■ Your task ■
Begin your transcription at the line containing "4. In the Place" and continue it, word for word, to the final line below. Include only those lines and skip the pictures.

■ Dataset excerpt ■
• • • •

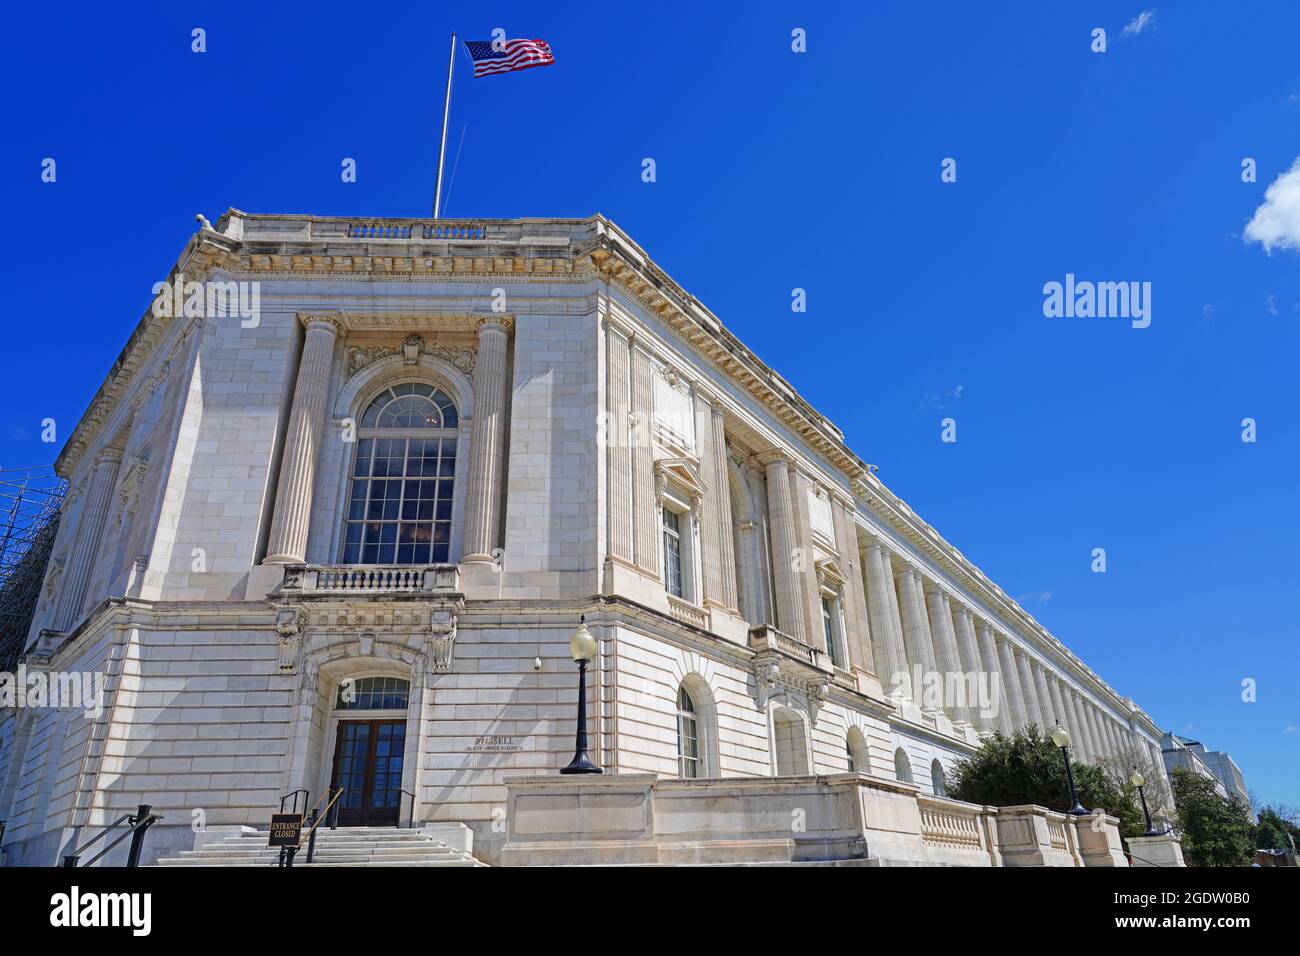 WASHINGTON, DC -2 APR 2021- View of the Russell Senate Office Building at the United States Congress, seat of the legislative branch of the U.S. feder Stock Photo
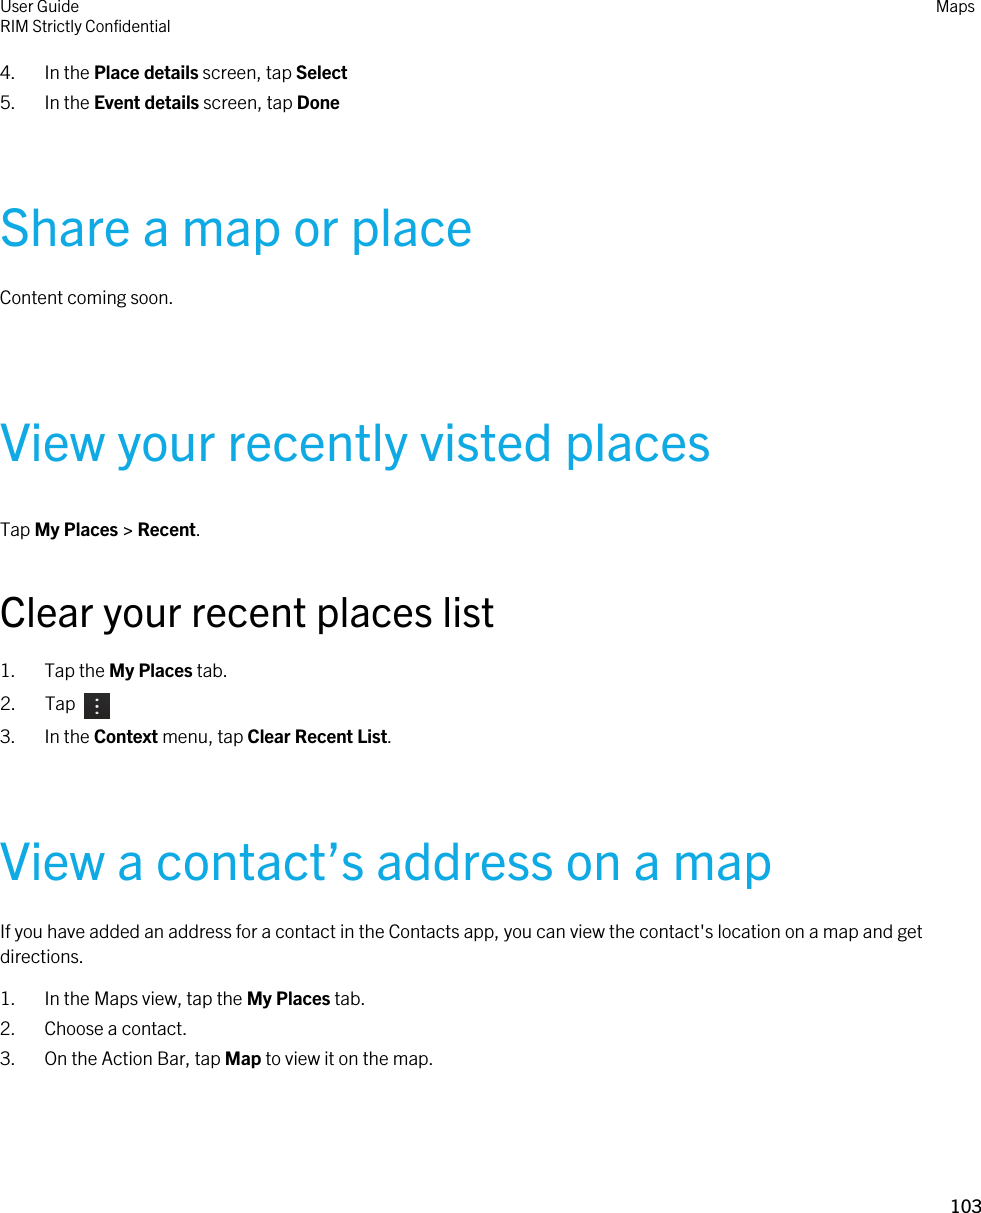 4. In the Place details screen, tap Select5. In the Event details screen, tap DoneShare a map or placeContent coming soon.View your recently visted placesTap My Places &gt; Recent.Clear your recent places list1. Tap the My Places tab.2.  Tap 3. In the Context menu, tap Clear Recent List.View a contact’s address on a mapIf you have added an address for a contact in the Contacts app, you can view the contact&apos;s location on a map and get directions.1. In the Maps view, tap the My Places tab.2. Choose a contact.3. On the Action Bar, tap Map to view it on the map.User GuideRIM Strictly Confidential Maps103 
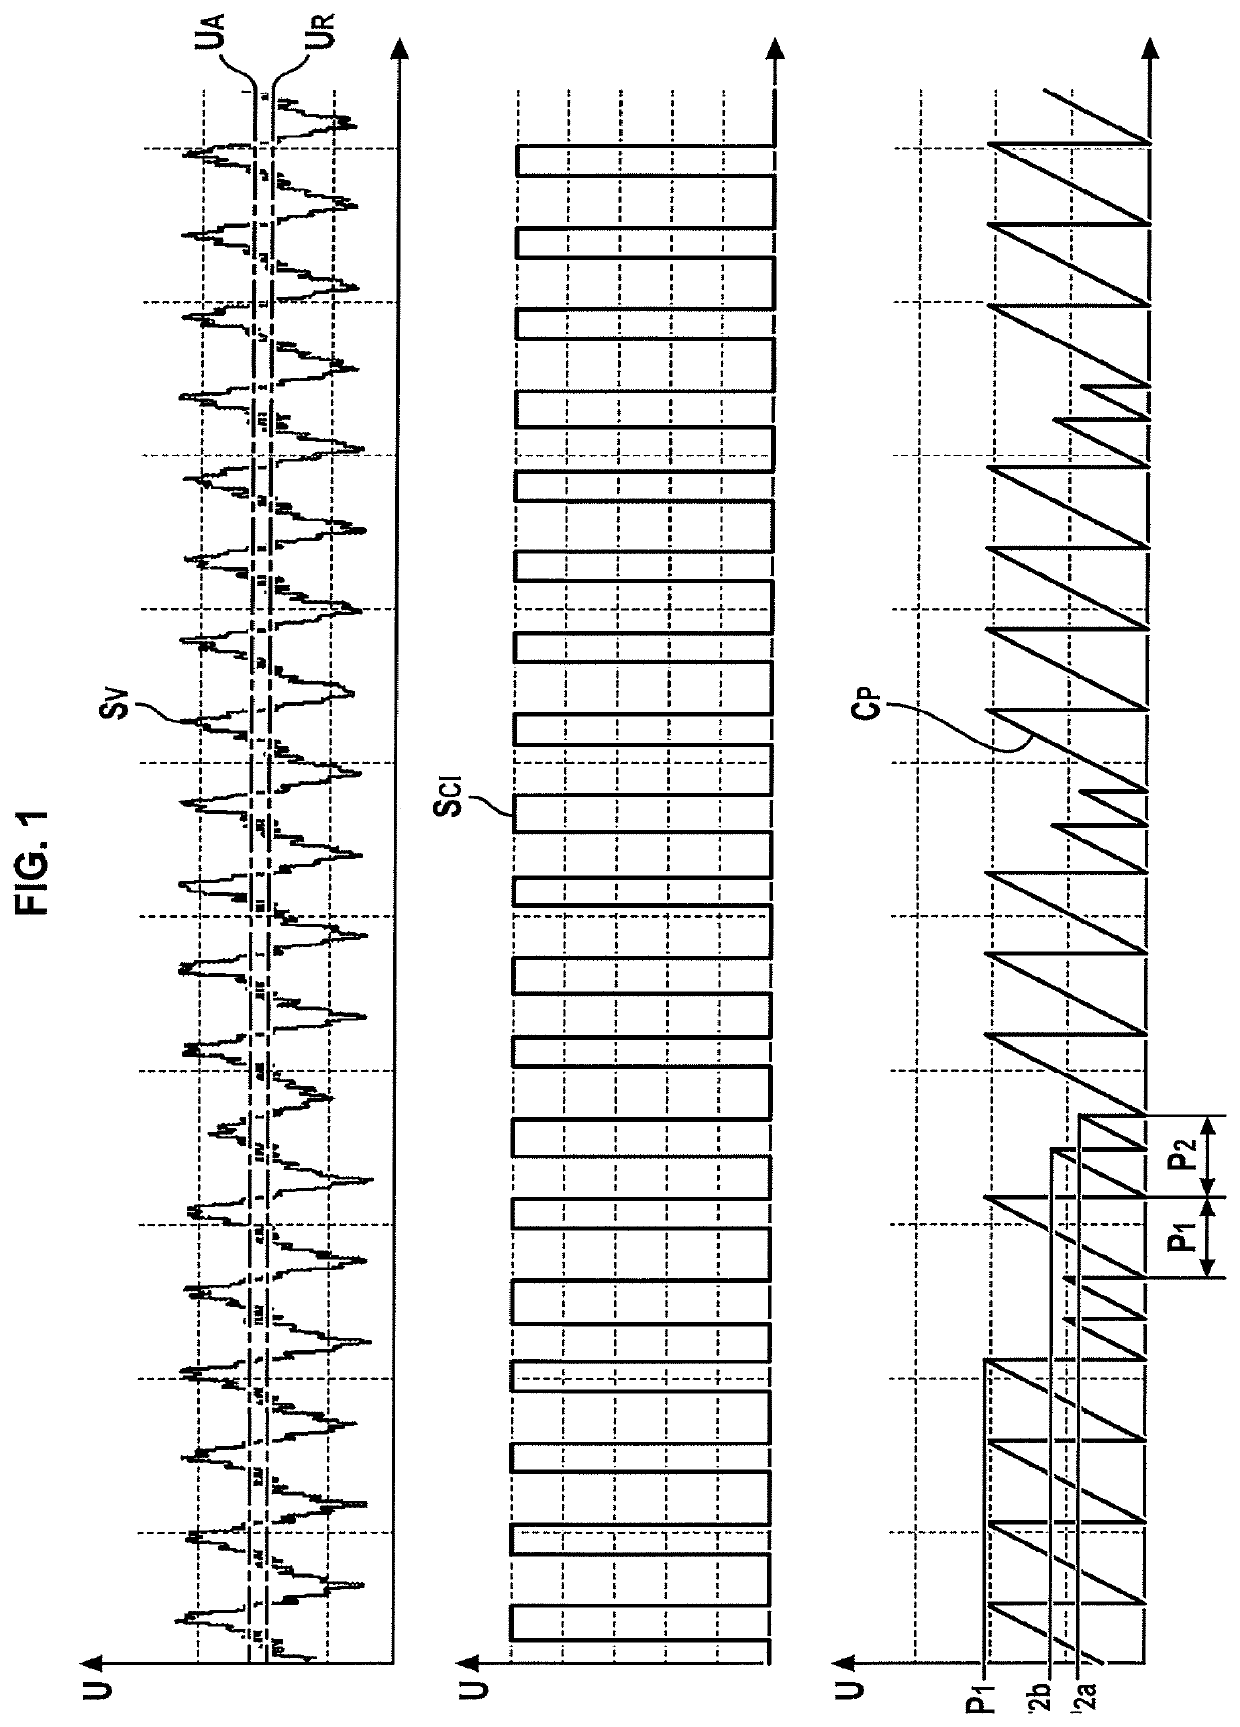 Processing method for a rotation speed signal of an aircraft engine shaft affected by noise

• • • •

■ Answer box ■
 4. In the Place details screen, tap Select5. In the Event details screen, tap DoneShare a map or placeContent coming soon.View your recently visted placesTap My Places &gt; Recent.Clear your recent places list1. Tap the My Places tab.2.  Tap 3. In the Context menu, tap Clear Recent List.View a contact’s address on a mapIf you have added an address for a contact in the Contacts app, you can view the contact&apos;s location on a map and get directions.1. In the Maps view, tap the My Places tab.2. Choose a contact.3. On the Action Bar, tap Map to view it on the map.User GuideRIM Strictly Confidential Maps103 
 Processing method for a rotation speed signal of an aircraft engine shaft affected by noise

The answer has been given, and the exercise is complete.